The technical scheme adopted by the invention for solving the technical problems is as follows:

an analysis method of copper anode slag comprises the following steps:

providing a standard sample of copper anode furnace slag and a sample to be tested of the copper anode furnace slag;

performing X-ray fluorescence spectrum analysis on the standard sample of the copper anode slag by using an X-ray fluorescence spectrometer to obtain the fluorescence intensity of each detection element of the standard sample of the copper anode slag;

carrying out matrix effect correction on each detection element of the standard sample of the copper anode furnace slag, and drawing a standard analysis working curve of each detection element of the copper anode furnace slag;

performing X-ray fluorescence spectrum analysis on the copper anode slag to-be-detected sample by using an X-ray fluorescence spectrometer to obtain the fluorescence intensity of each detection element of the copper anode slag to-be-detected sample;

and obtaining the content of each detection element of the copper anode furnace slag to-be-detected sample according to the fluorescence intensity of each detection element of the copper anode furnace slag to-be-detected sample and the standard analysis working curve of each detection element of the copper anode furnace slag.

The analysis method of the copper anode furnace slag comprises the following steps of: cu, Fe, Ni, As, Pb, Zn, Sb, Bi, Al ₂ O ₃ 、SiO ₂ 、MgO、CaO。

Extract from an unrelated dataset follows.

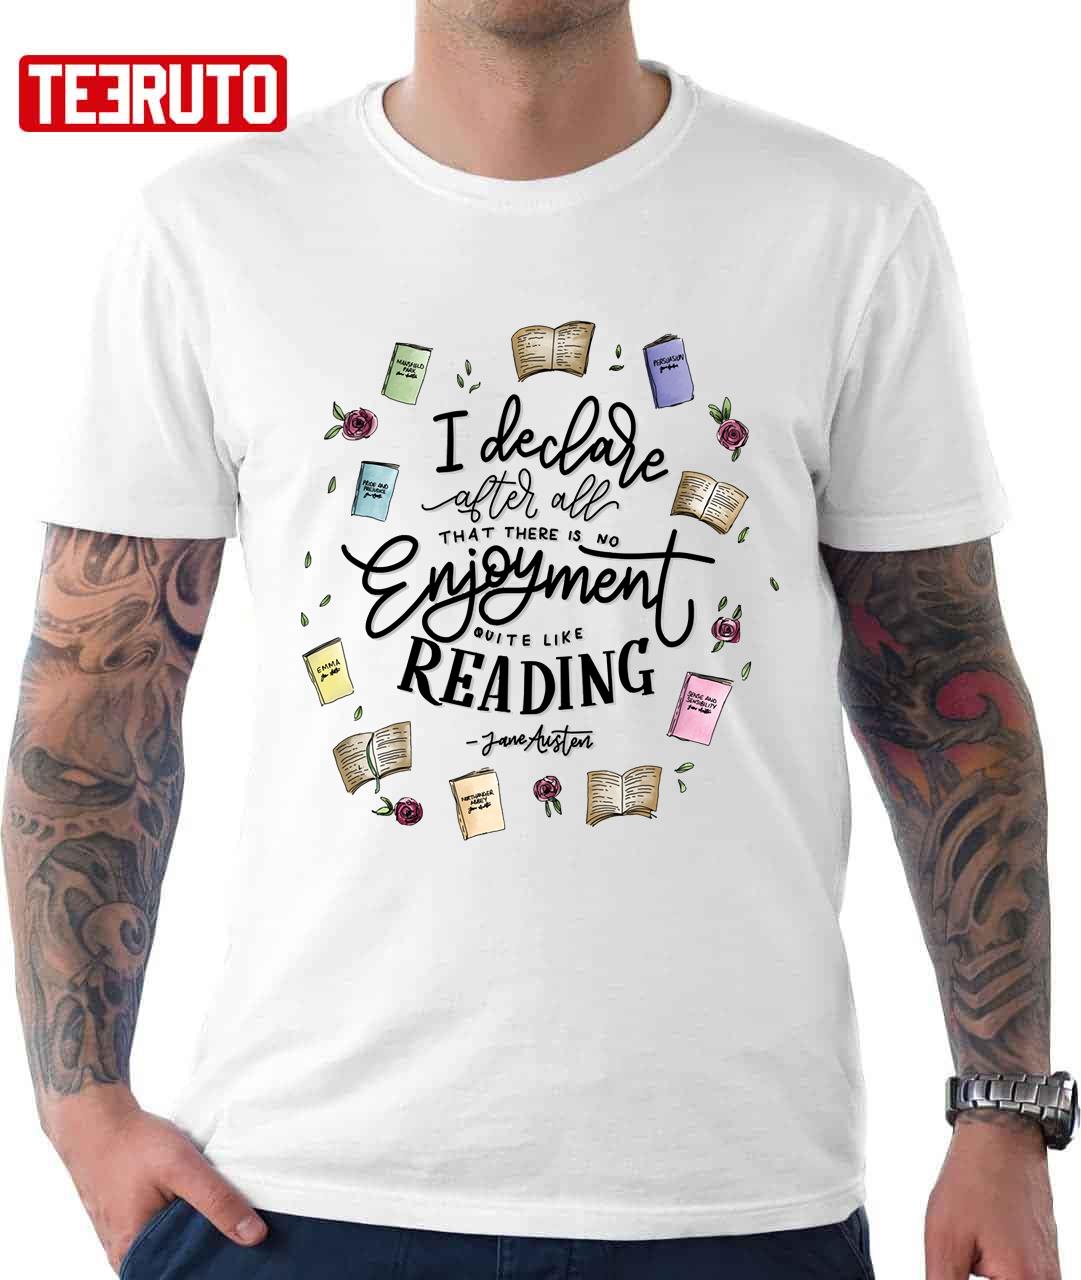 No Enjoyment Like Reading Unisex T-Shirt

The analysis method of the copper anode furnace slag comprises the following steps of carrying out analysis on the copper anode furnace slag, wherein the standard sample of the copper anode furnace slag is the copper anode furnace slag of the production process with gradient detection element content from low to high.

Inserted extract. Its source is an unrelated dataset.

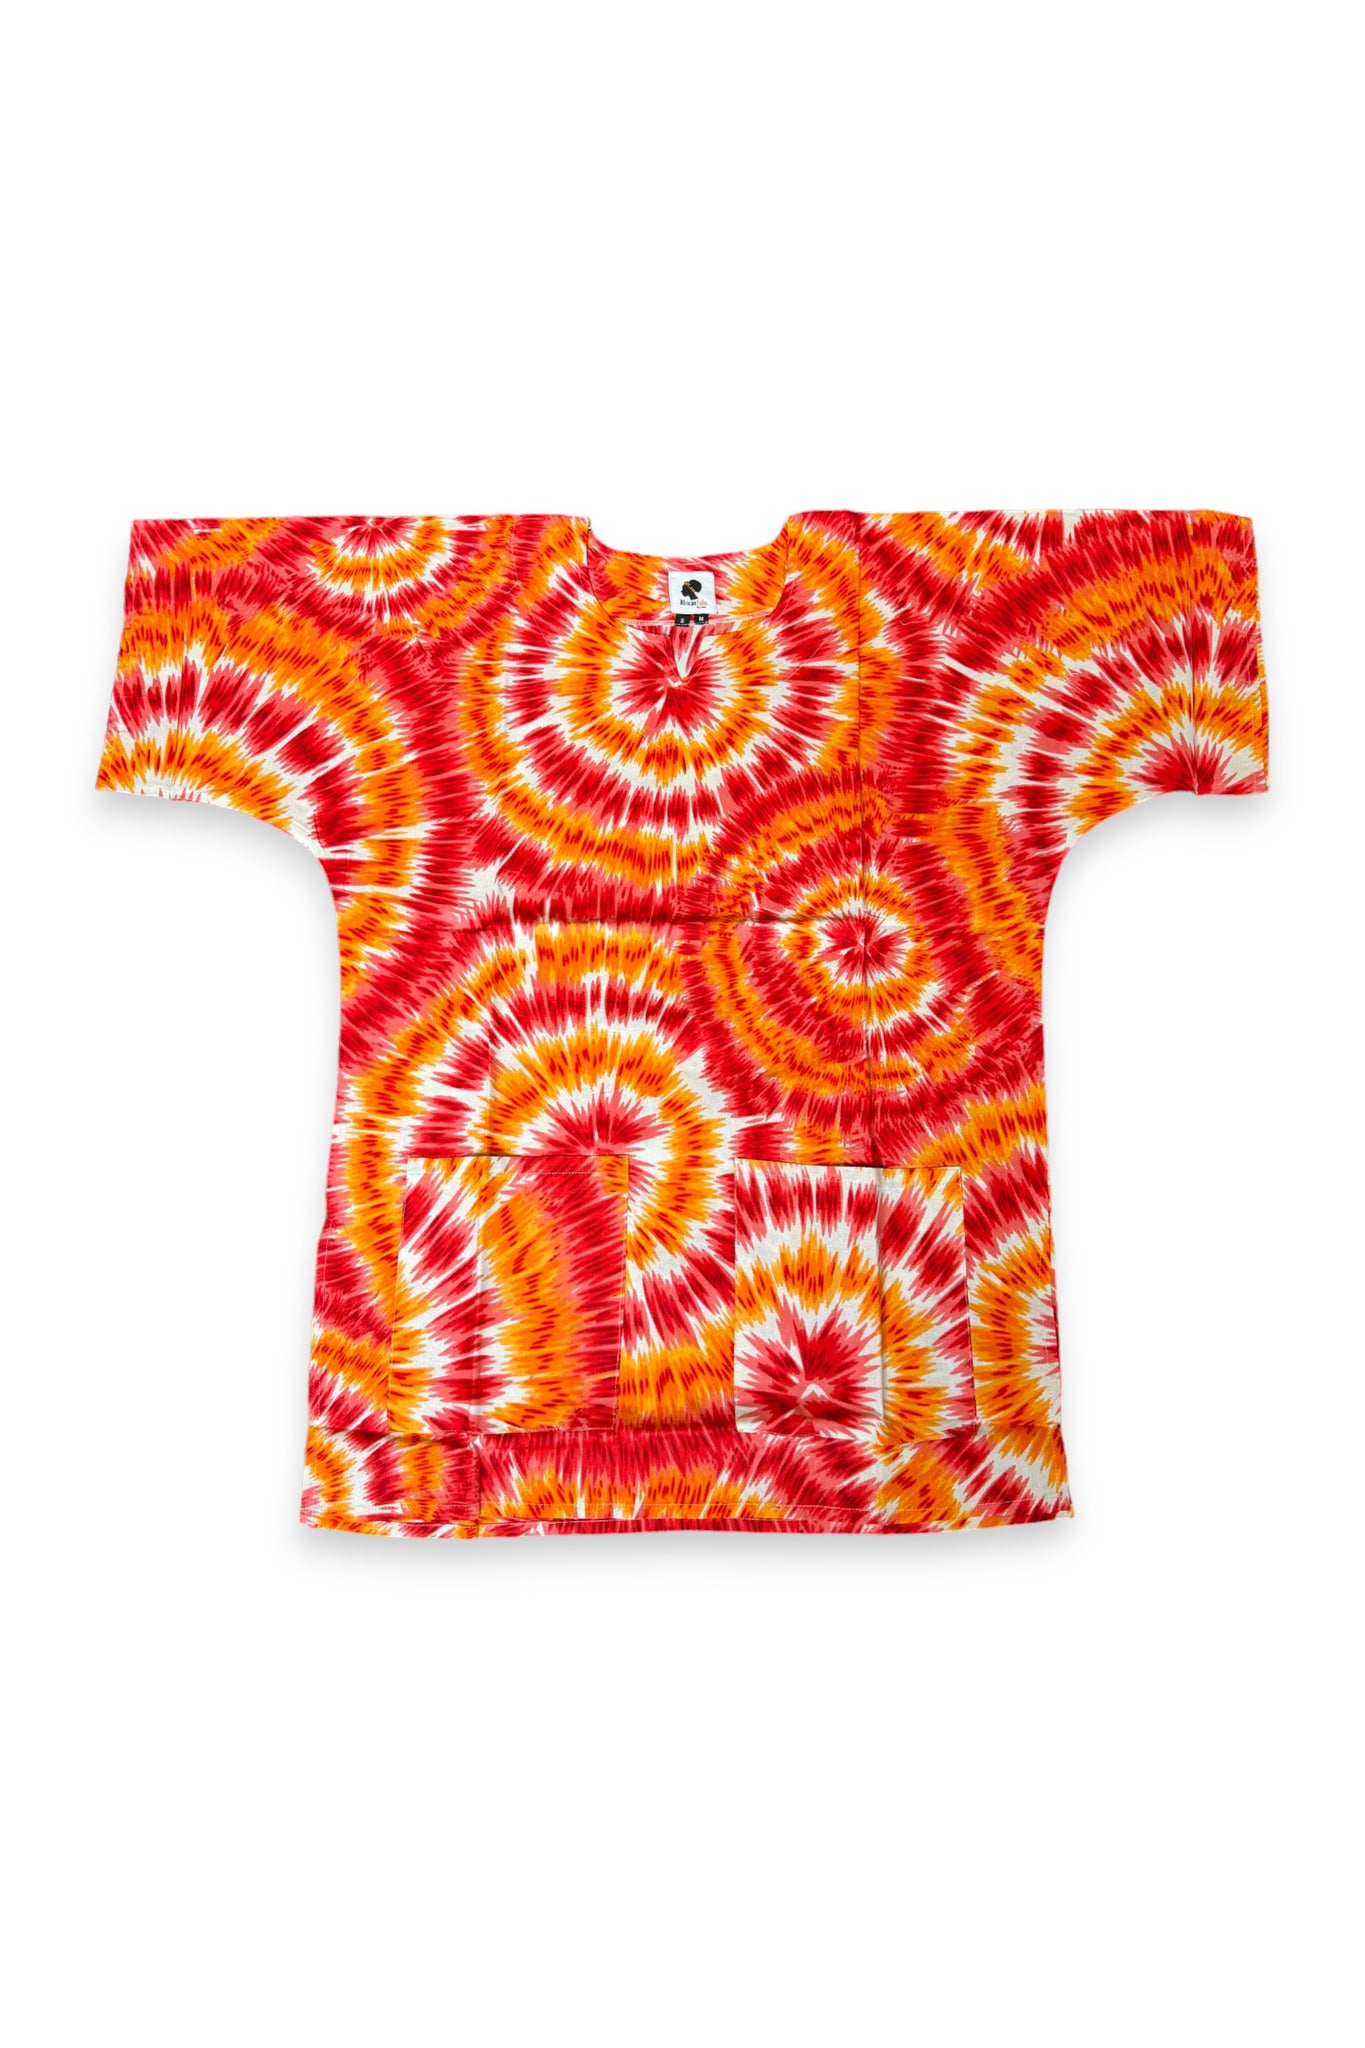 Oranje Tie-dye Dashiki Shirt / Dashiki Jurk - Afrikaans shirt - Unisex

The analysis method of the copper anode furnace slag comprises the following steps of

Wherein C is _i As the concentration of the element to be measured, D _i To correct for background values, I _i As intensity of the element to be measured, k ₀ 、k _ij To correct the coefficients, I _j The strength of the matrix element.

The analysis method of the copper anode furnace slag comprises the following steps of carrying out X-ray fluorescence spectrum analysis on a sample to be detected of the copper anode furnace slag by using an X-ray fluorescence spectrometer to obtain the fluorescence intensity of each detection element of the sample to be detected of the copper anode furnace slag, and specifically comprises the following steps:

and performing X-ray fluorescence spectrum analysis on the sample to be detected of the copper anode furnace slag by using an X-ray fluorescence spectrometer, setting corresponding measurement conditions according to detection elements, and acquiring the fluorescence intensity of each detection element of the sample to be detected of the copper anode furnace slag.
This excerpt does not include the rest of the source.